Historic house in Massachusetts, United States

William Hickling Prescott House, also known as the Headquarters House, is an historic house museum located at 55 Beacon Street on Beacon Hill in Boston, Massachusetts. It is the western portion of a double townhouse at 54–55 Beacon Street. The townhouse, built in 1808 to a design by Asher Benjamin, was designated a National Historic Landmark in 1964 for its association with William Hickling Prescott (1796–1859), one of the nation's first historians. The house is now a museum operated by the Massachusetts chapter of the National Society of the Colonial Dames of America, which purchased it for its headquarters in 1944.

==Description and history==
Built in 1808, the twin houses were designed by architect Asher Benjamin. Still nearly mirror images of one another, they are four stories in height and three bays wide. The outer two bays of each unit are part of a rounded bay front, delineated by pilasters rising from the top of the first story porch to the roof. The porch is supported by a Doric colonnade, and follows the line of the rounded bays. The doorways are in the innermost bays, flanked by sidelight windows and topped by a fanlight.

The houses' original owner was James Smith Colburn, a successful Boston merchant. He commissioned Asher Benjamin to build the double town houses on land he purchased from the Mount Vernon Proprietors. Originally, the structures were free-standing and would have had a water view (before the filling of the area that is now the Boston Public Garden). They were the height of fashion in the Early Republic. Colburn intended to reside at 55 Beacon Street, while 54 would belong to his sister and her husband, William Gill. The Gills never moved into 54 Beacon Street and instead sold it to Nathan Appleton. In 1819, it was purchased by William Appleton. The home remained in the family after his death and in 1913, it was acquired by George von Lengerke Meyer, who was married to Appleton's granddaughter. The residence was divided into two parts in 1942 and is now an apartment building.

Colburn lived at 55 Beacon Street until 1819, when he sold it to Samuel D. Ward, who rented it to various tenants. In 1833, it was bought by Augustus Thorndike. William Hickling Prescott purchased the house in 1845. A nearly blind historian from a prominent Boston family, Prescott lived there from 1845 to 1859. He had celebrated novelist William Makepeace Thackeray as a houseguest.
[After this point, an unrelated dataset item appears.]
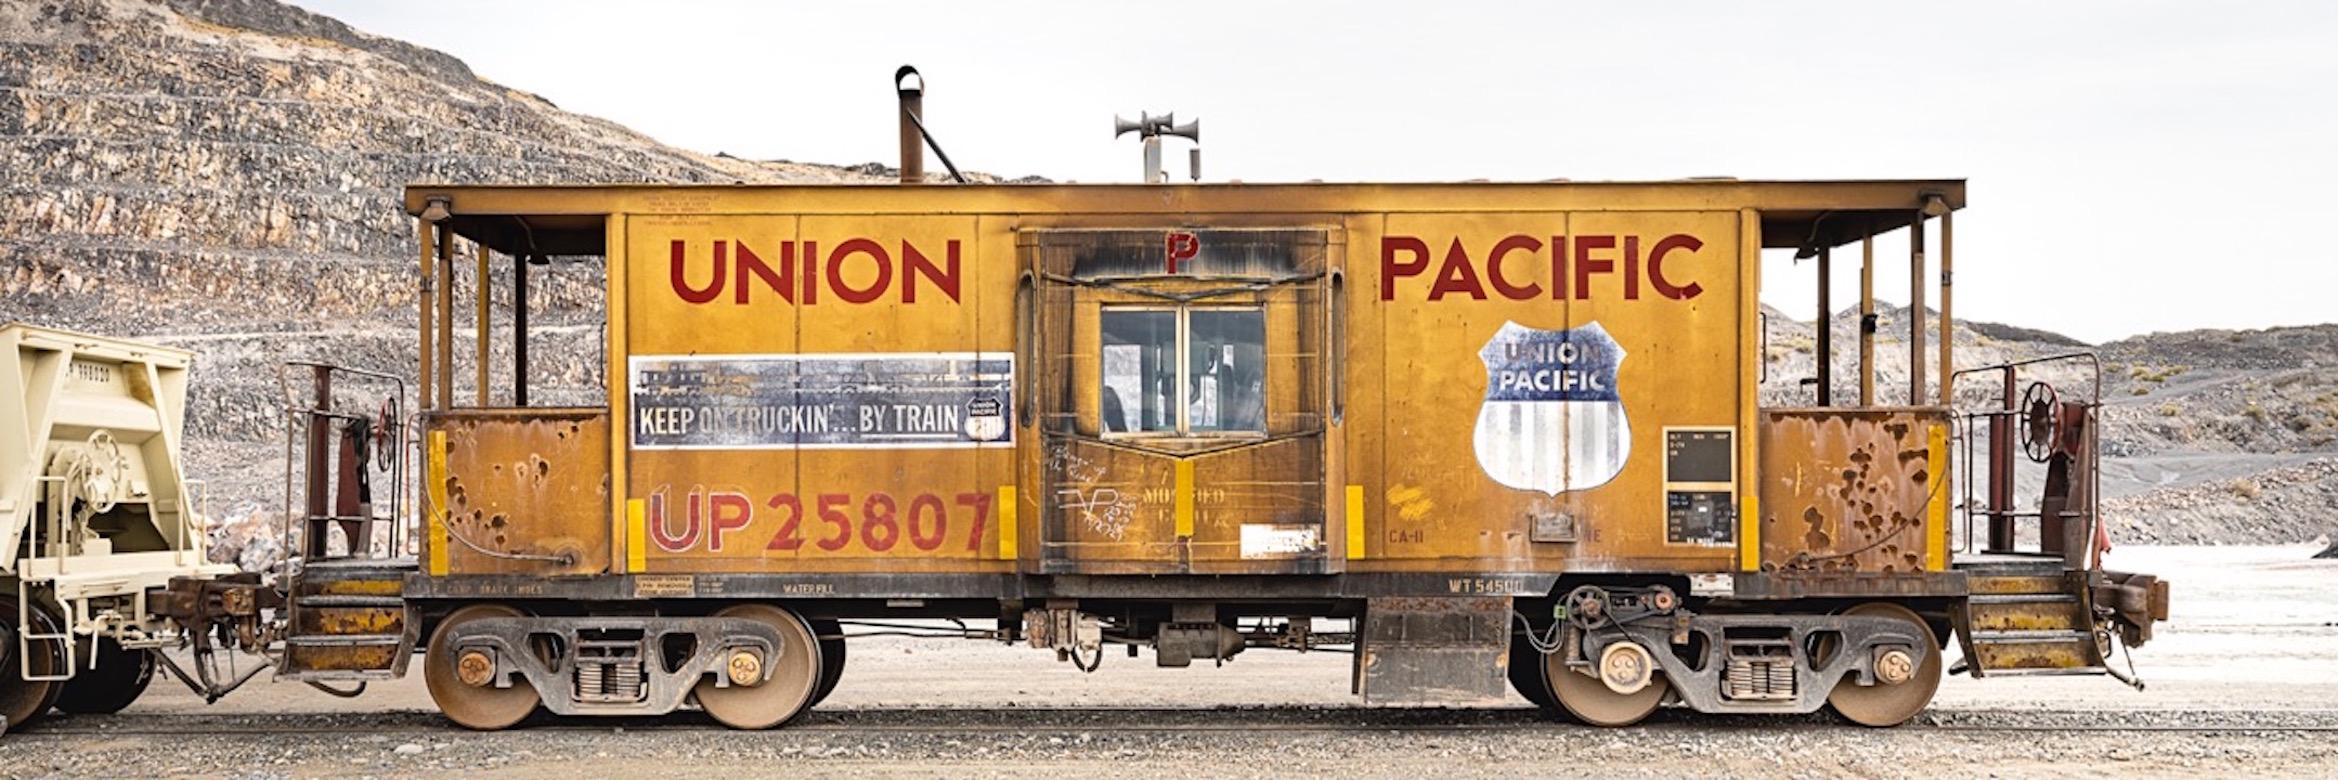 Stephen Mallon Color Photograph - "Caboose UP 25807" Contemporary photograph of railroad train car limited ediiton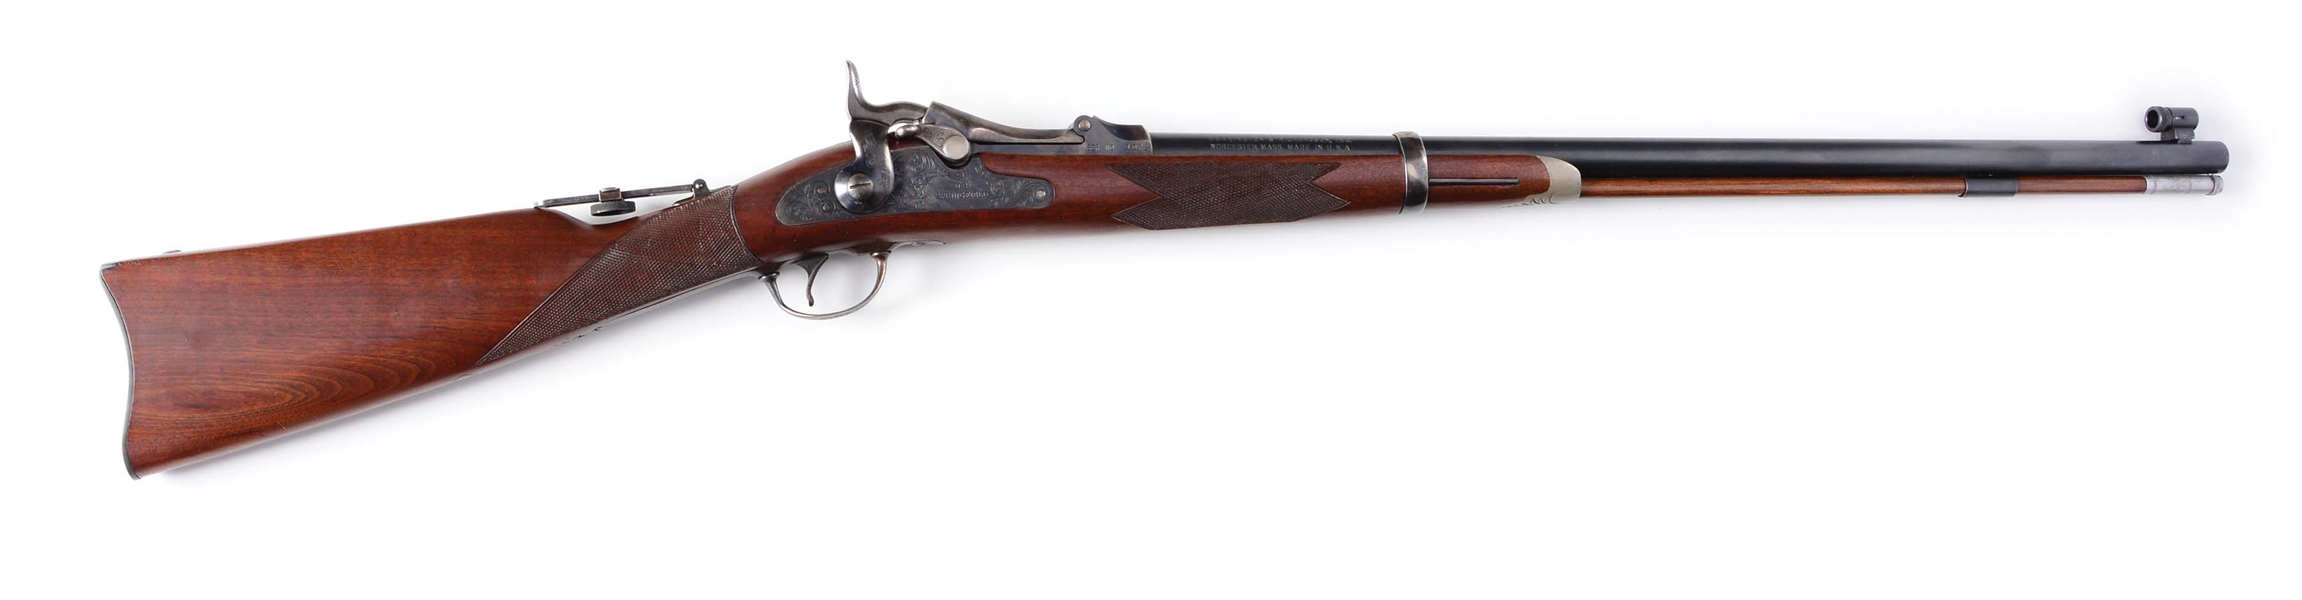 (M) H&R MODEL 1873 OFFICERS MODEL TRAPDOOR SINGLE SHOT RIFLE.

In 1872, it was sold by the Prescott estate to Franklin Gordon Dexter, son-in-law of William Appleton. The Dexters made significant changes to the house: updating the stairwell, adding an elevator and reconfiguring Prescott's library into a dining room.

55 Beacon Street was acquired in 1944 by the Massachusetts chapter of the National Society of the Colonial Dames of America for use as its headquarters, a role it still serves. The Dames restored Prescott's study to its original state in 1968, based on historical documents. The house was designated a U.S. National Historic Landmark in 1964, and was listed on National Register of Historic Places in 1966, for its association with Prescott, who gained a reputation for his books on Spanish (and Spanish colonial) history. His 1837 History of the Conquest of Mexico received great acclaim both in the United States and in Europe. Due to his blindness (caused by an incident during a bar brawl), he employed researchers and secretaries to acquire documents and prepare his manuscripts.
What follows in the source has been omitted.